DESCRIPTION OF THE TASK:
Among the lines below, the one containing "tassimo174genanvendelsesprogrammet 183 terracycle" opens the range and the one containing "olje og energiminister" closes it. Print that range exactly, without the pictures.

DATA IN THIS EXERCISE:
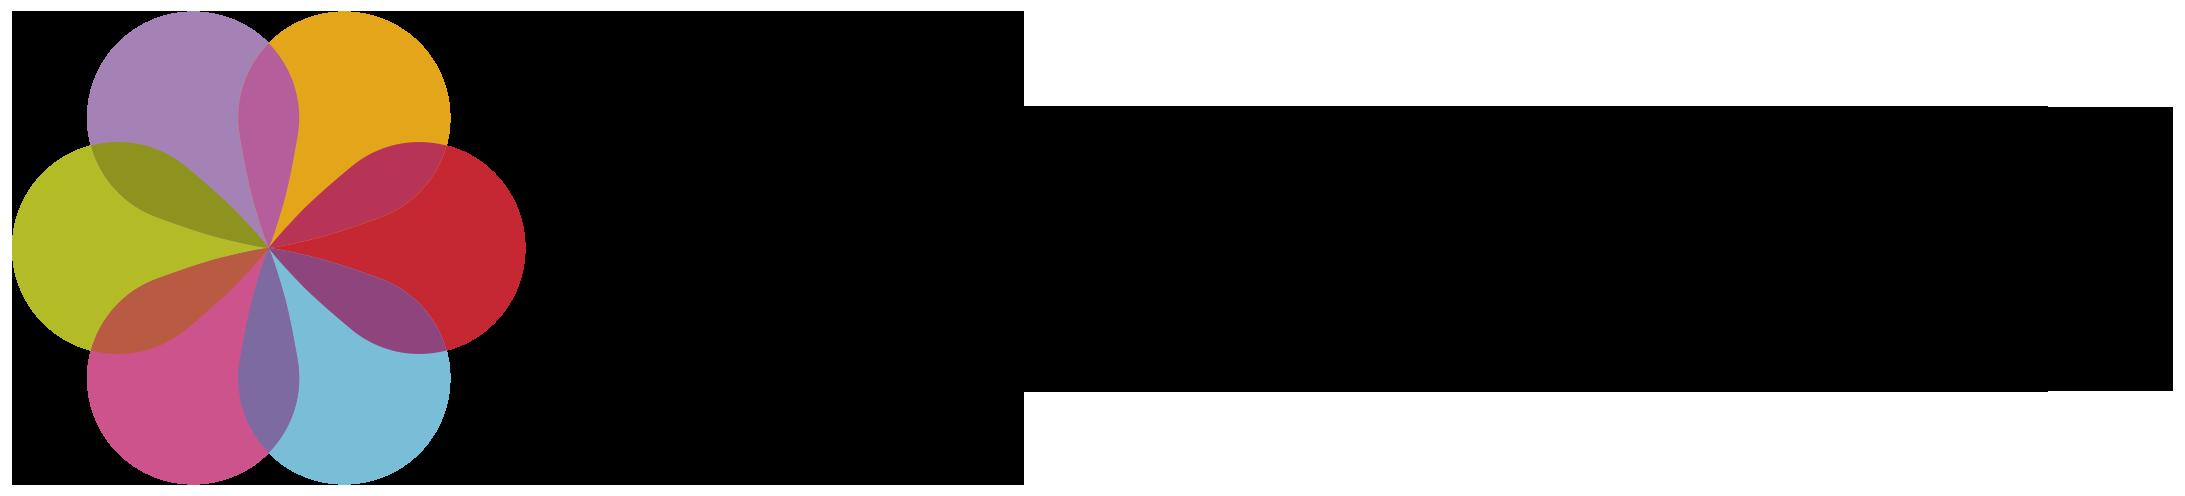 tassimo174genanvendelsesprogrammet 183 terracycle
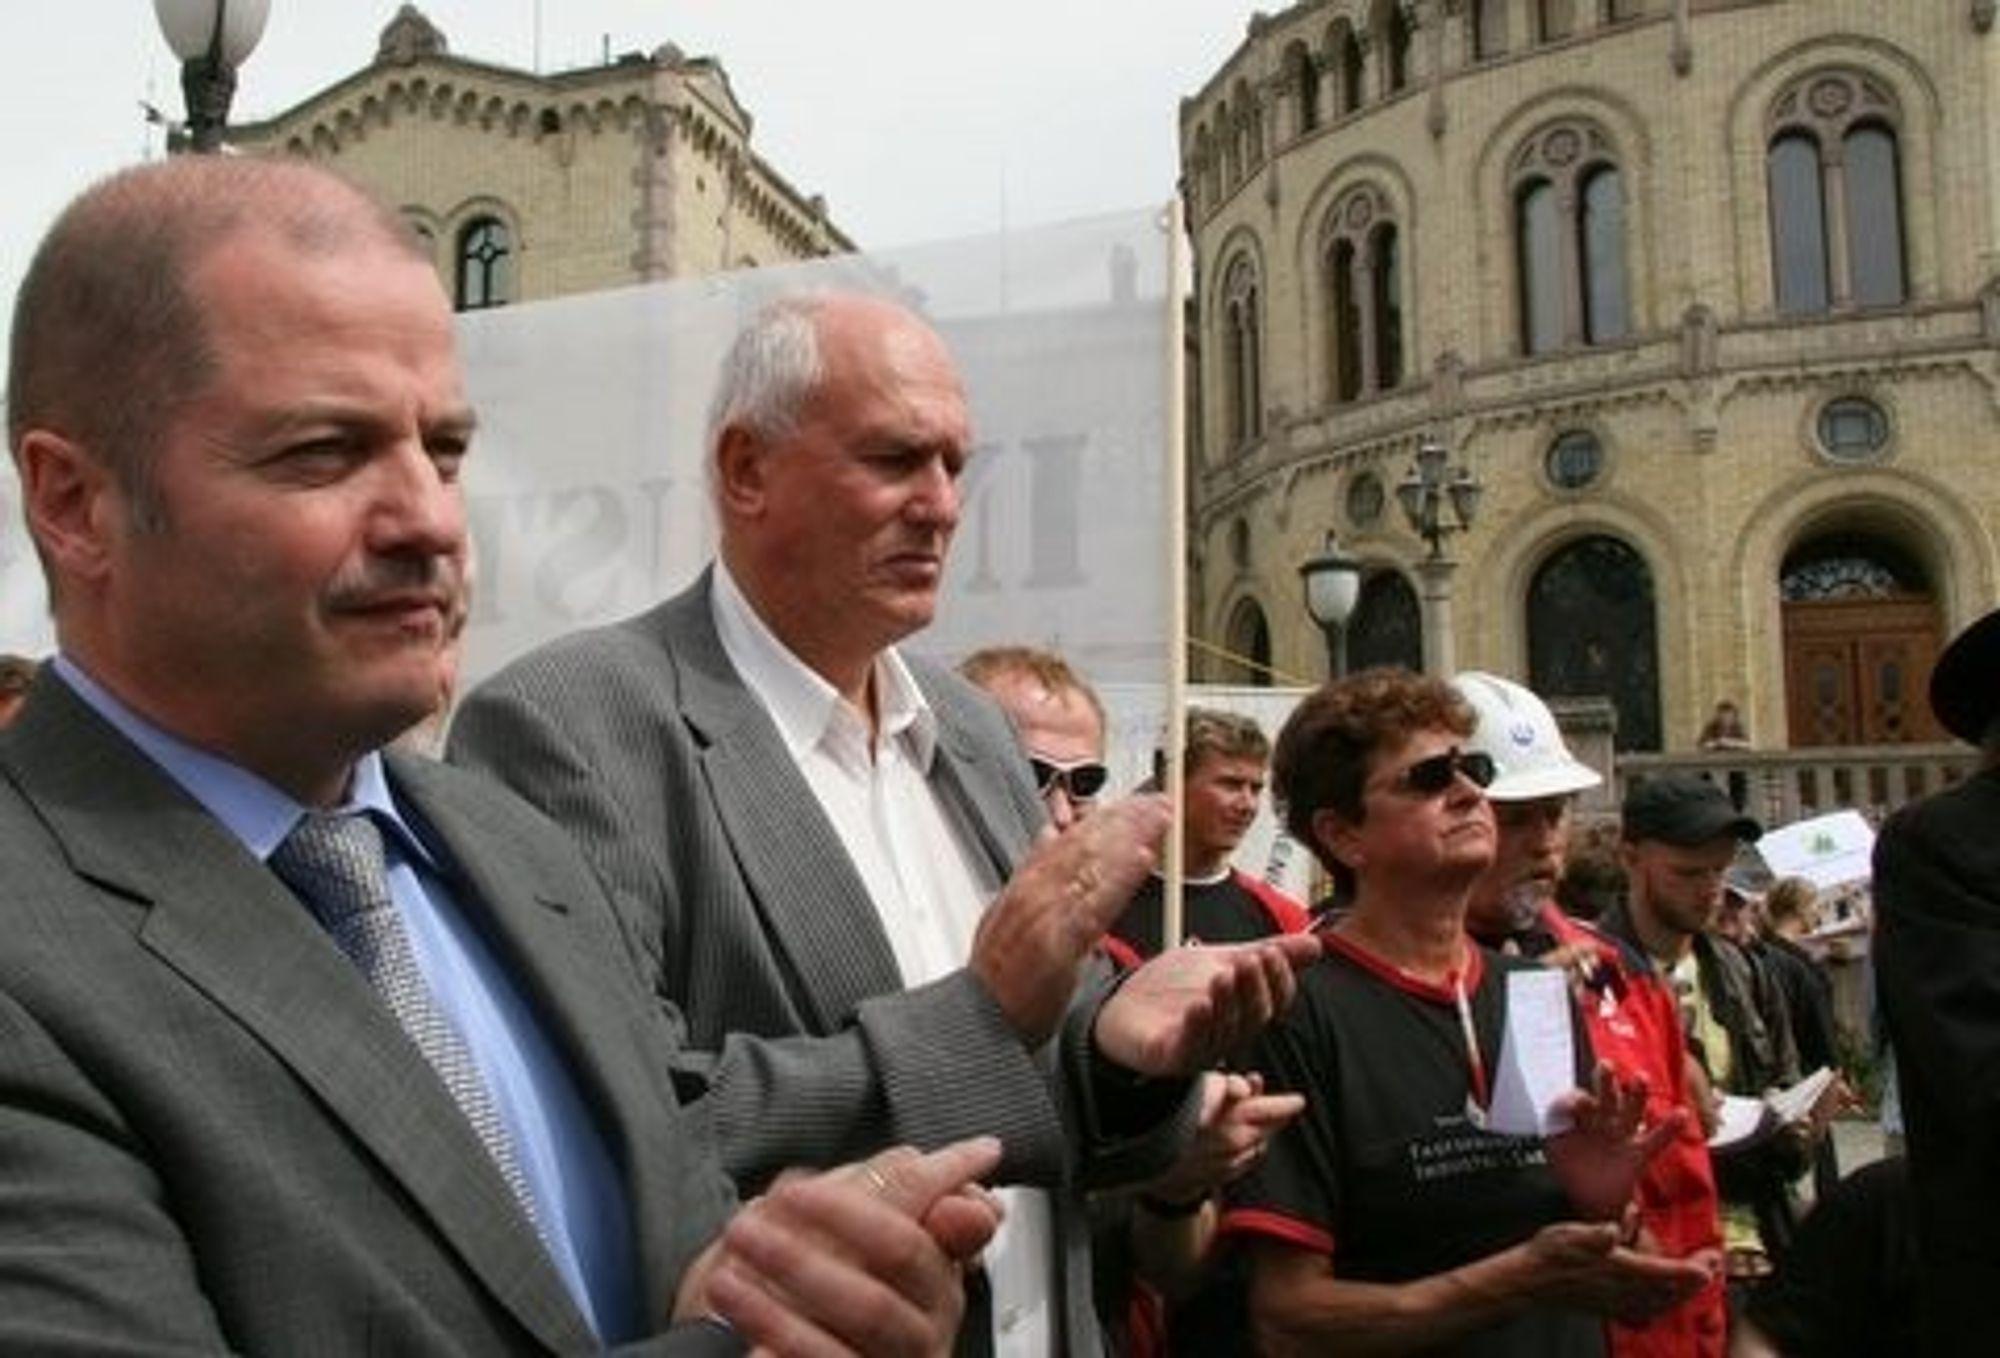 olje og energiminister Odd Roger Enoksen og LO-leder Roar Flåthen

==

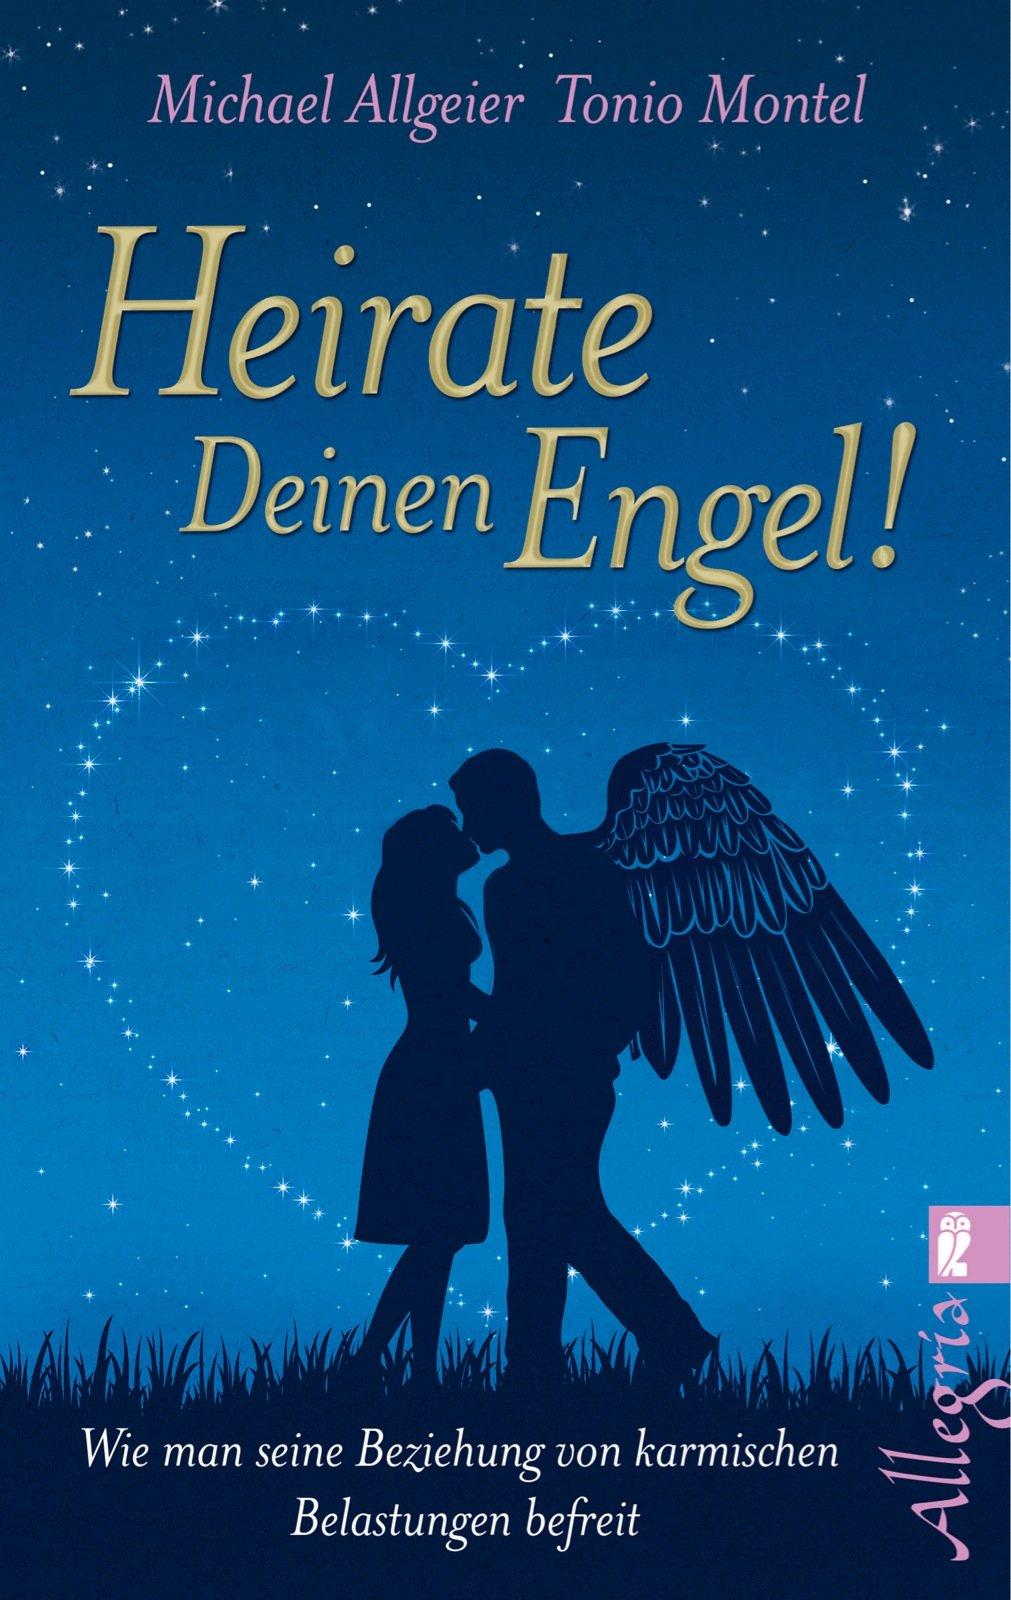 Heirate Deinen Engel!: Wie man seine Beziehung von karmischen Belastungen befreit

RESPONSE TO THE TASK:
 tassimo174genanvendelsesprogrammet 183 terracycle
 olje og energiminister Odd Roger Enoksen og LO-leder Roar Flåthen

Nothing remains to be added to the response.